Edith Cavell famously said: ‘Patriotism is not enough.’ We might say the same about words. However, we cannot do without them and we see them supremely doing their job in the hands of a poet, for poetry is language used with an unusual intensity. It gives a local habitation and a name to things we cannot otherwise grasp. John Carey puts it succinctly: ‘Poetry relates to language as music relates to noise. It is language made special, so that it will be remembered and valued.’
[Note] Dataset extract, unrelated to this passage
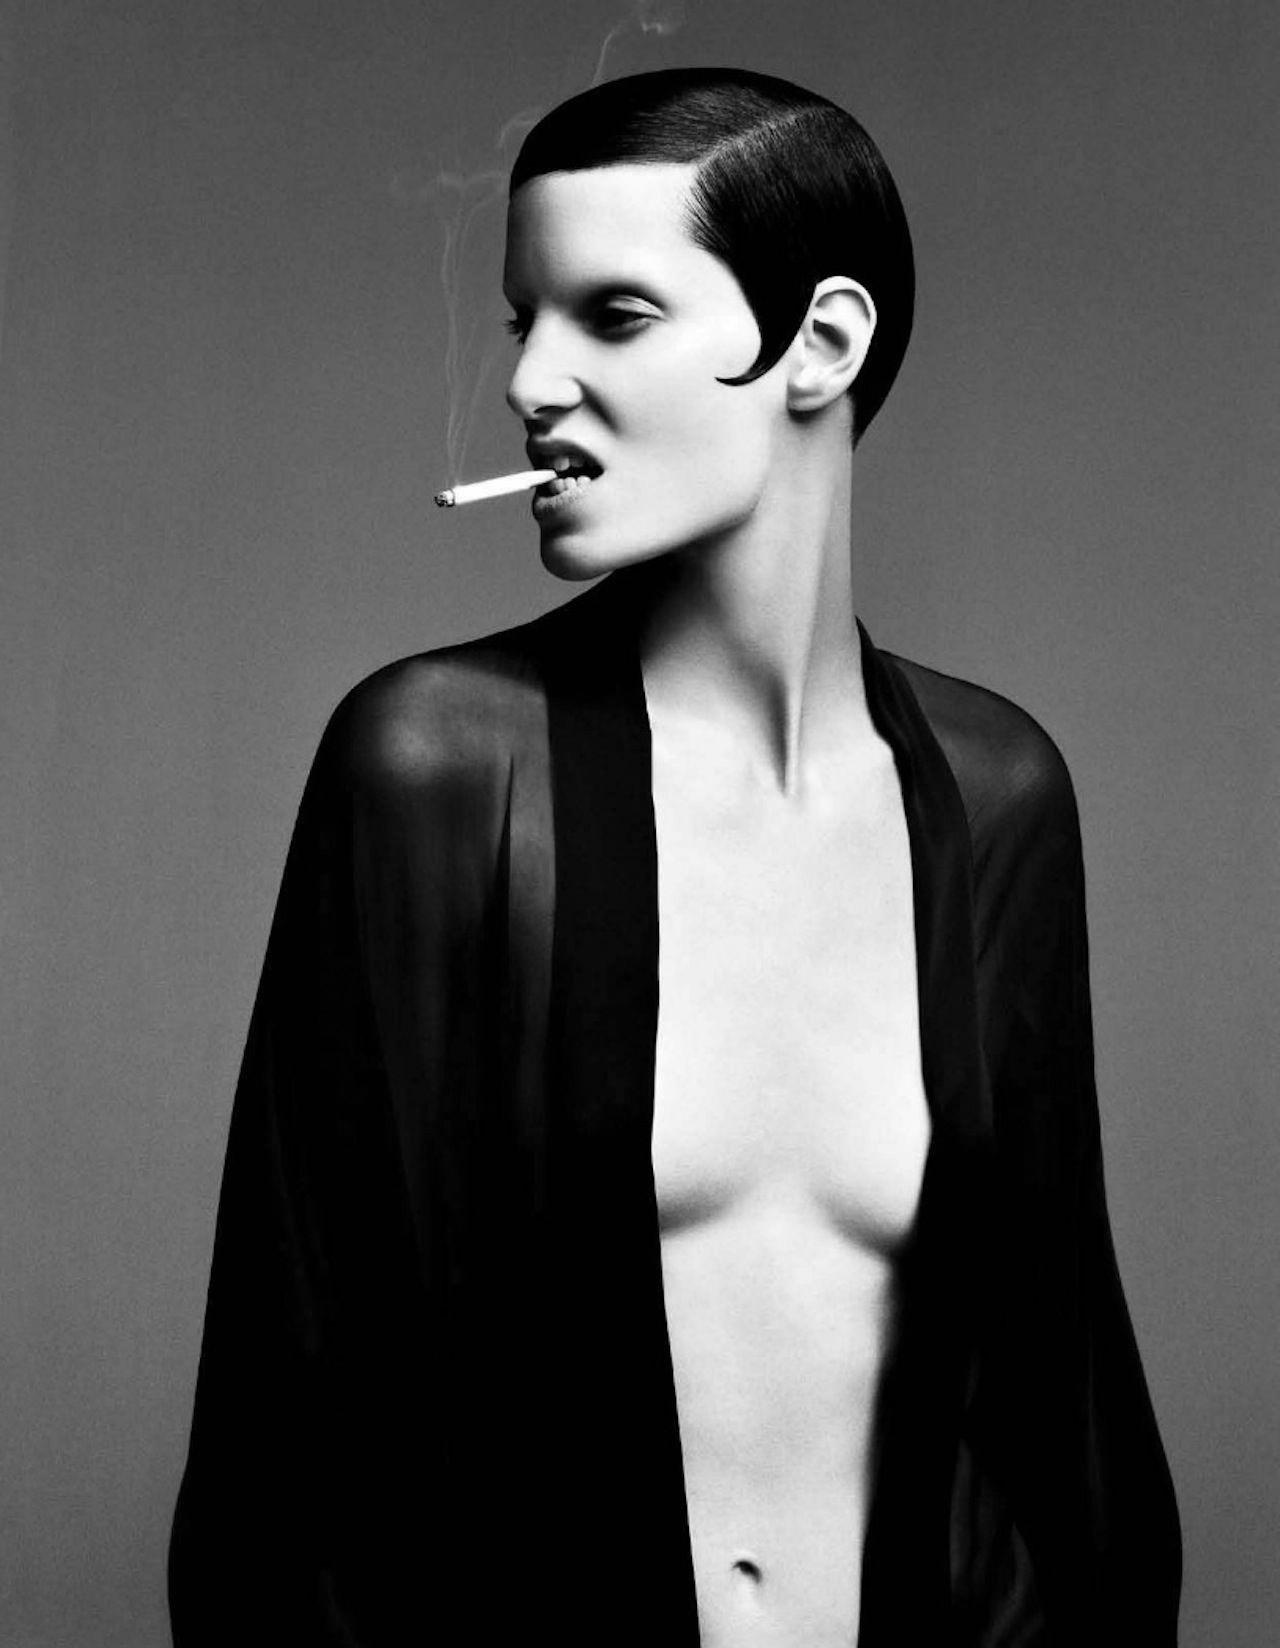 Iris_Strubegger-Daniele_Duella-Iango_Henzi-Vogue_Germany.jpeg

We have to pause a moment here and consider the biblical documents. They are composed of words. They do not always take the form of poetry. There are words in the Bible that have a legal form and a legal purpose. There are words that are similar to historical narrative. We have to be aware of the purpose the words are serving. We may conclude that we have more than an inkling of what Dolly failed to comprehend but we should recognise that words, useful as they are in opening our understanding, can go only so far. For all her unawareness, Dolly has something to teach us. We should be wise not to ignore it.


THE BRONTES’ HOME

If Dolly Winthrop gives us cause to be grateful to George Eliot, Haworth turns out thoughts to the Brontes. Patrick Bronte was Rector and Grimshaw was a notable curate who scoured the parish for worshippers and had them taking their place in their parish church. The present Rector of Haworth and Cross Roads is Peter Mullins. Since 2011 £600,000 has been spent on the restoration of the parish church.


TWO SINGULARITIES?

St John’s church, Great Horton, Bradford has two features that may well be unique. One is a service every Sunday in Nepali. The other is its ‘Captivated Women’s Breakfast’ taking place on the last Saturday of each month. John Bavington leads a ministry team including a mission apprentice.